The t-distribution is leptokurtic by design. As degrees of freedom (df) increase, it converges to the normal distribution and kurtosis → 0. At df=3, excess kurtosis = ∞ (theoretically undefined). At df=5, it equals 6. At df=30+, it is practically indistinguishable from normal. This is why t-tests work better than z-tests for small samples.


Section 08

Kurtosis Comparison Table

Type Raw Kurtosis Excess Kurtosis Peak Shape Tail Weight Real-world Example
Mesokurtic = 3 = 0 Medium bell Moderate Human heights, IQ
Leptokurtic > 3 > 0 Tall, sharp Fat / Heavy Stock returns, earthquakes
Platykurtic < 3 < 0 Flat, broad Thin / Light Uniform data, bounded scores
Property Kurtosis Skewness
Measures Tail heaviness / peak sharpness Asymmetry / lean direction
Moment used 4th central moment 3rd central moment
Normal value 3 (raw) / 0 (excess) 0
Sensitive to outliers? Extremely Yes
SciPy function stats.kurtosis() stats.skew()

Section 09

Golden Rules

🎯 Kurtosis — Key Rules
1
Kurtosis measures tail heaviness, not peakedness. A common misconception is that kurtosis describes how "pointy" the peak is.
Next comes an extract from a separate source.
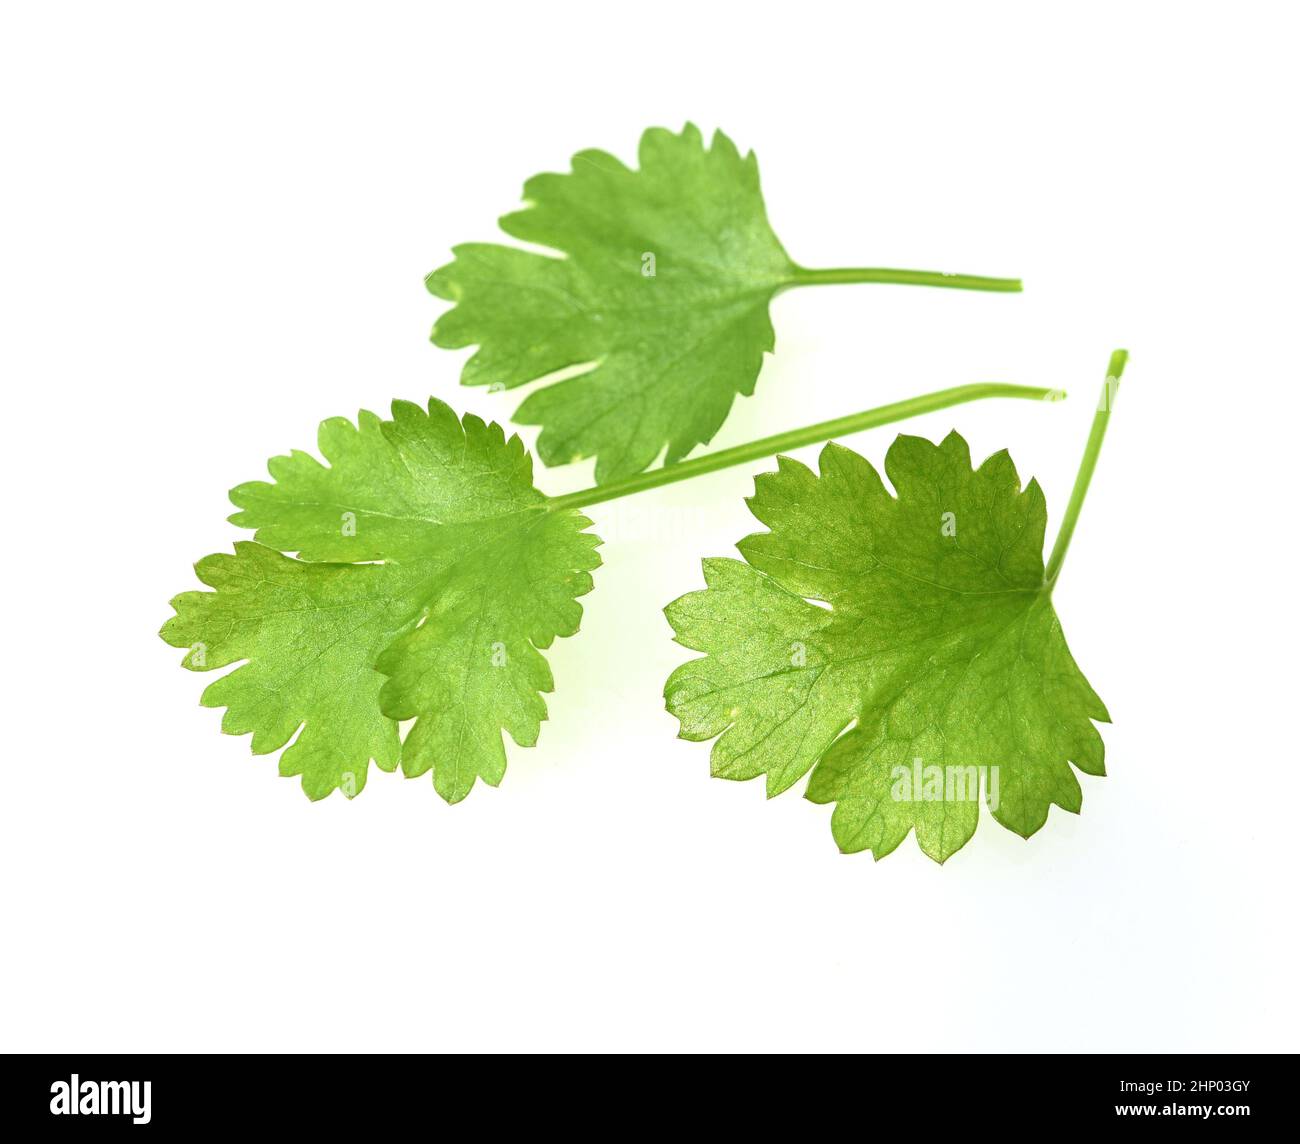 Coriander, Coriandrum sativum, is an important medicinal and herb plant. Stock Photo

It actually measures how much probability mass lives in the tails relative to the normal distribution.
2
Know whether your tool returns raw or excess kurtosis. SciPy, Pandas, and Excel all return excess kurtosis (normal = 0). Some textbooks report raw kurtosis (normal = 3). Mixing the two is a critical error.
3
Kurtosis is extremely sensitive to outliers. A single extreme value can make a perfectly normal-looking dataset appear strongly leptokurtic. Always plot your data and check for outliers before interpreting kurtosis.
4
Fat tails mean higher real-world risk. In finance, insurance, and engineering, leptokurtic data means extreme events are more likely than normal models predict. Always test for kurtosis before applying any model that assumes normality.
5
Use kurtosis alongside skewness for full shape diagnostics. Skewness tells you about asymmetry; kurtosis tells you about tail weight. Together they describe the shape of any distribution beyond just mean and variance. Run both before assuming normality.
6
The normal distribution is always your reference point. Excess kurtosis = 0 → normal tails. > 0 → heavier than normal. < 0 → lighter than normal. This baseline makes interpretation consistent across any dataset or domain.